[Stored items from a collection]
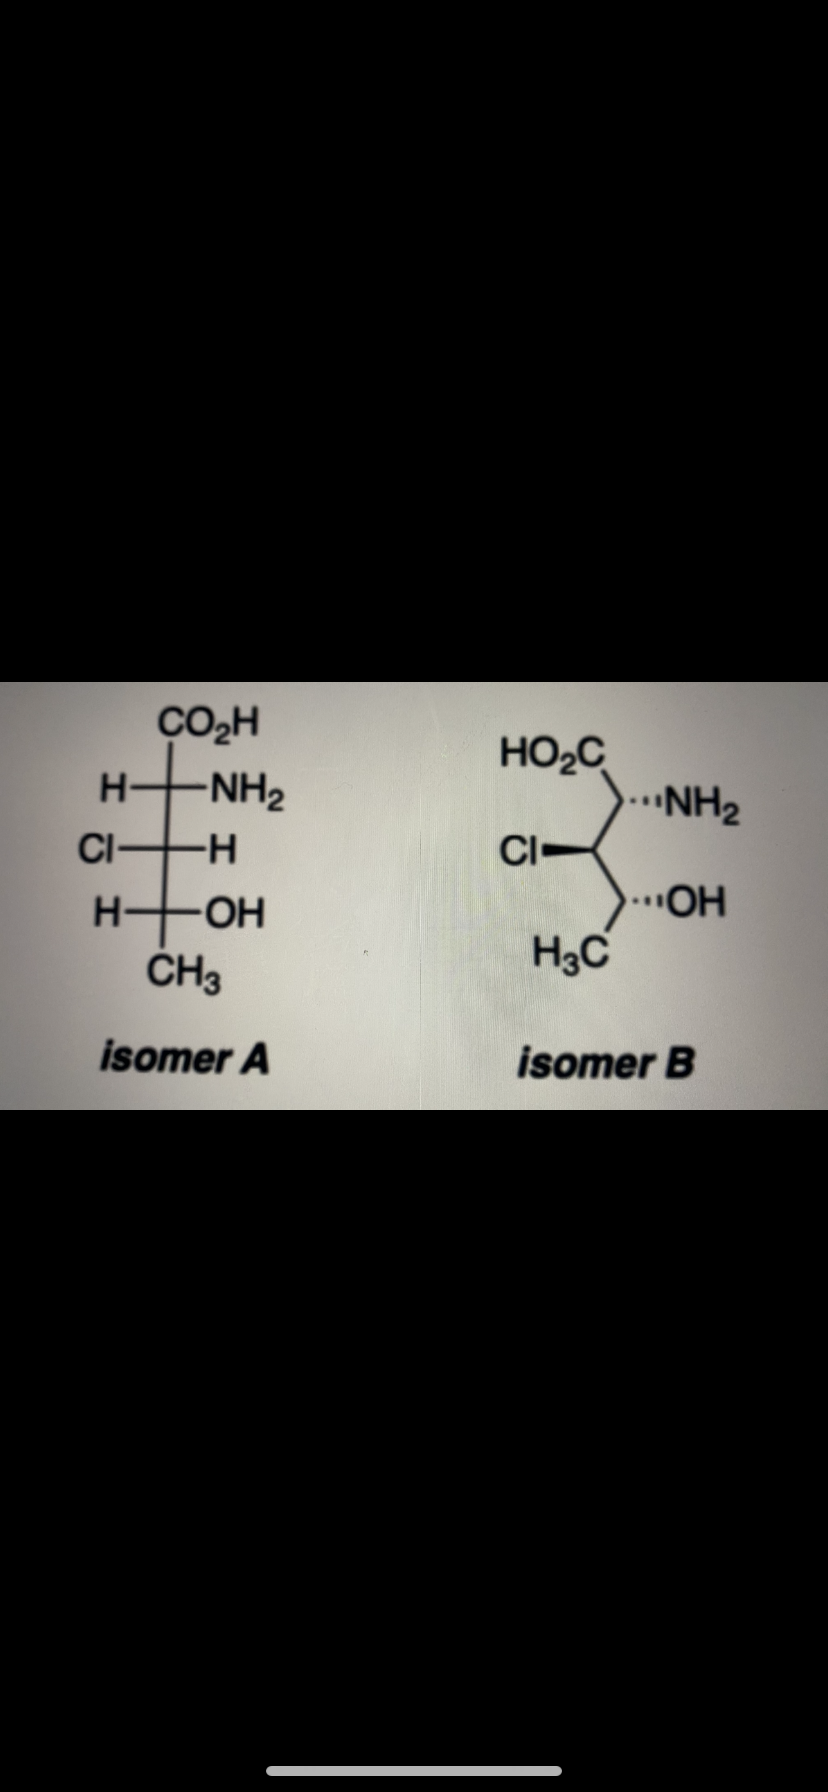 CO₂H
H-NH2
CI-H
H
-он
CH3
isomer A
HO₂C
CI-
H3C
..
NH₂
OH
isomer B

**What is expected:**
I'd like the entries above repeated exactly, but without any of their pictures.

**Task solution:**
 CO₂H
H-NH2
CI-H
H
-он
CH3
isomer A
HO₂C
CI-
H3C
..
NH₂
OH
isomer B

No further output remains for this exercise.